Los mapas de mi vida

By Tenshi Lain

Notas en el diario de abordo:

Los personajes de One Piece pertenecen a Eiichiro Oda, yo solo los cojo prestados para jugar.

Esta historia está centrada en el concepto de Shanks/Fem (Shanks como chica, si te disgusta la idea, el botón para retroceder está ahí arriba). Tendrá un formato drabble, es decir pequeñas escenas que mostrarán la vida de Shanks desde su infancia hasta la edad adulta, no seguirán un orden cronológico y algunos temas se repetirán con diferentes escenarios. También habrá algunos que irán encadenados o tendrán una continuación. He de advertir que voy al día con el manga on-line (capítulo 634 a día de hoy), así que habrá SPOILERS para quien no lo esté. Avisados quedáis, leed por vuestra cuenta y riesgo Muajajajaja

¡Dedicada a Obsidiana Nevada! ¡Gracias por ayudarme a esclarecer escenas y aportar ideas!

Coordenadas: Es por su bien… ¡En serio!


Mapa 28: Carabina

La tripulación Akagami se había enfrentado a muchas cosas desde que fue formada la banda: Tempestades, ataques, abordajes, persecuciones con la Marina, enfrentamientos con caza-recompensas, reyes del mar hambrientos… pero esta… esta era nueva y por sí misma aterradora.

Nadie se explicaba cómo había podido pasar ¿en qué momento habían bajado la guardia? ¿Cómo no se habían dado cuenta de la situación hasta que fue demasiado tarde? Su descuido era imperdonable.

- En fin chicos – dijo la capitana Shanks mientras se echaba el pelo hacia atrás por encima del hombro –. Sed buenos, no os metáis en líos y no me esperéis despiertos – les guiñó un ojo y bajó del barco con paso alegre, la falda de su vestido se agitaba a cada paso que daba.

- Argh – exclamó uno de los piratas mientras la observaban dirigirse al pueblo.

- No… - gimoteó otro con los hombros caídos.

- Esto no es posible – negó un tercero.

- No me lo explico ¿cómo ha ocurrido esto?

- Oh, venga, no es para tanto – intervino Ben sentada sobre un barril de cubierta leyendo el periódico.
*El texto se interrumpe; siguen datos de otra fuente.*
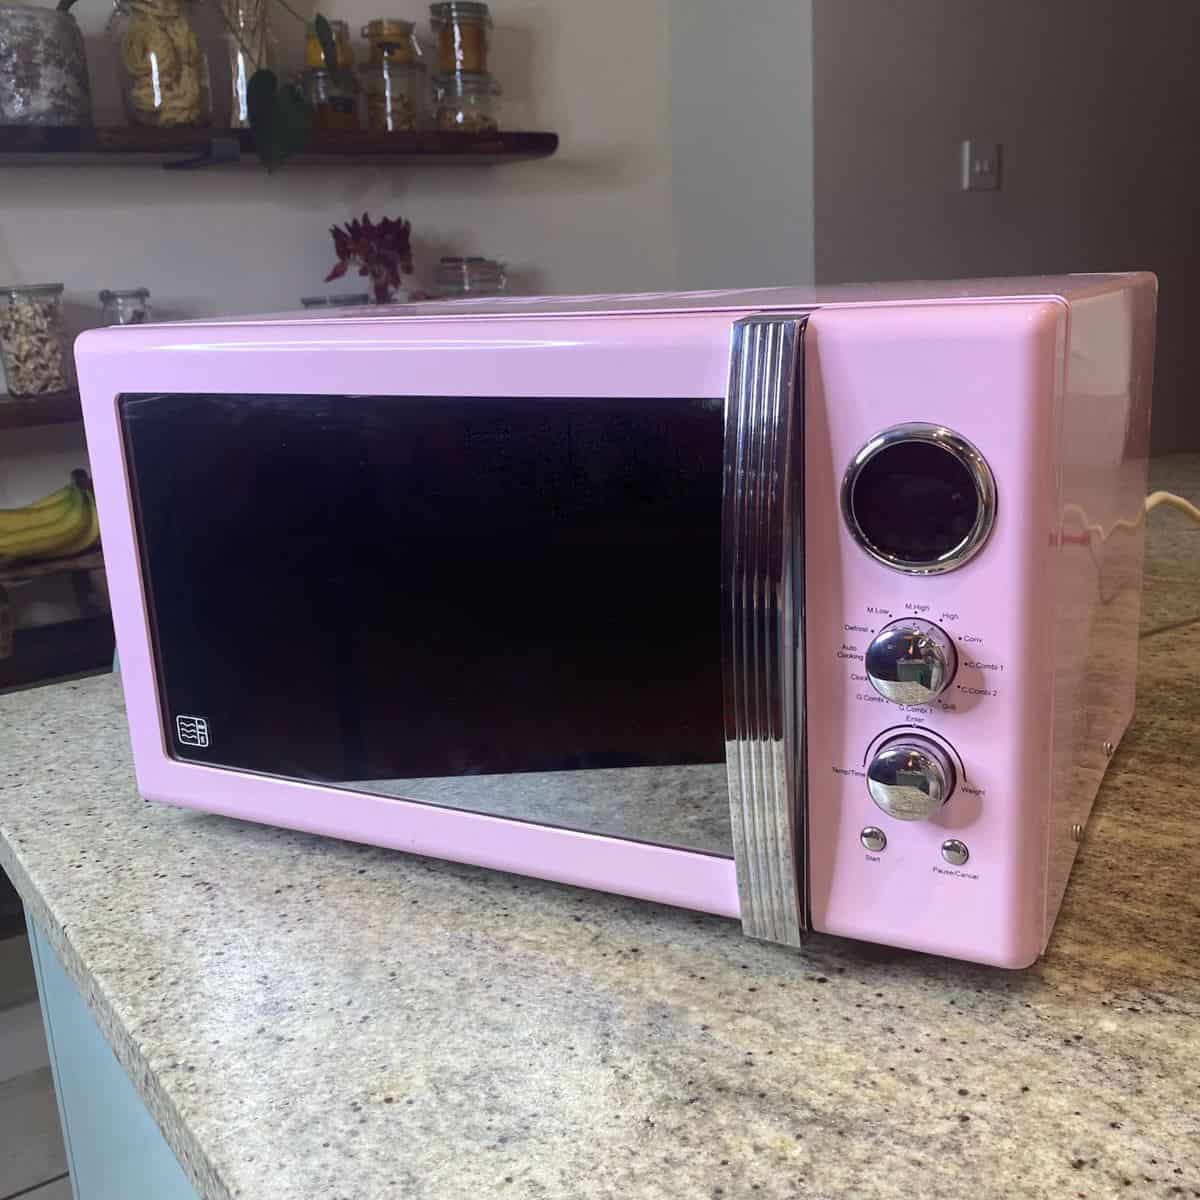 https://www.alphafoodie.com/wp-content/uploads/2021/02/how-to-clean-the-microwave-1-of-1.jpeg

- ¿Qué no es para tanto? ¡Claro que sí!

- ¡Es una calamidad!

- ¡Una tragedia!

- ¡Lo peor que podía pasar!

- Exagerados – masculló Ben negando con la cabeza y pasando la página del periódico.

- ¿Cómo puede quedarse tan tranquilo en una situación así?

- Sí, ni siquiera le has dicho nada ¿es que no te parece mal lo que está haciendo?

- Pues no – contestó el segundo de a bordo tirando la ceniza de su cigarro al pequeño cenicero que tenía al lado. Los hombres gruñeron frustrados.

- A mí me molestaría mucho que mi chica se fuera por ahí con otro hombre – dijo Sven cruzándose de brazos. Varios asintieron con la cabeza.

- ¿Queréis dejar de decir tonterías? Entre la capitana y yo no hay más que una normal relación de nakamas, nada más.

Todos se lo quedaron mirando con escepticismo. Ben no se molestó en argumentar, hacía años que había desistido en aquel tema. Que pensaran lo que quisieran.

- Mirad, la capitana solo ha ido a una cita, no hay porque montar tanto drama.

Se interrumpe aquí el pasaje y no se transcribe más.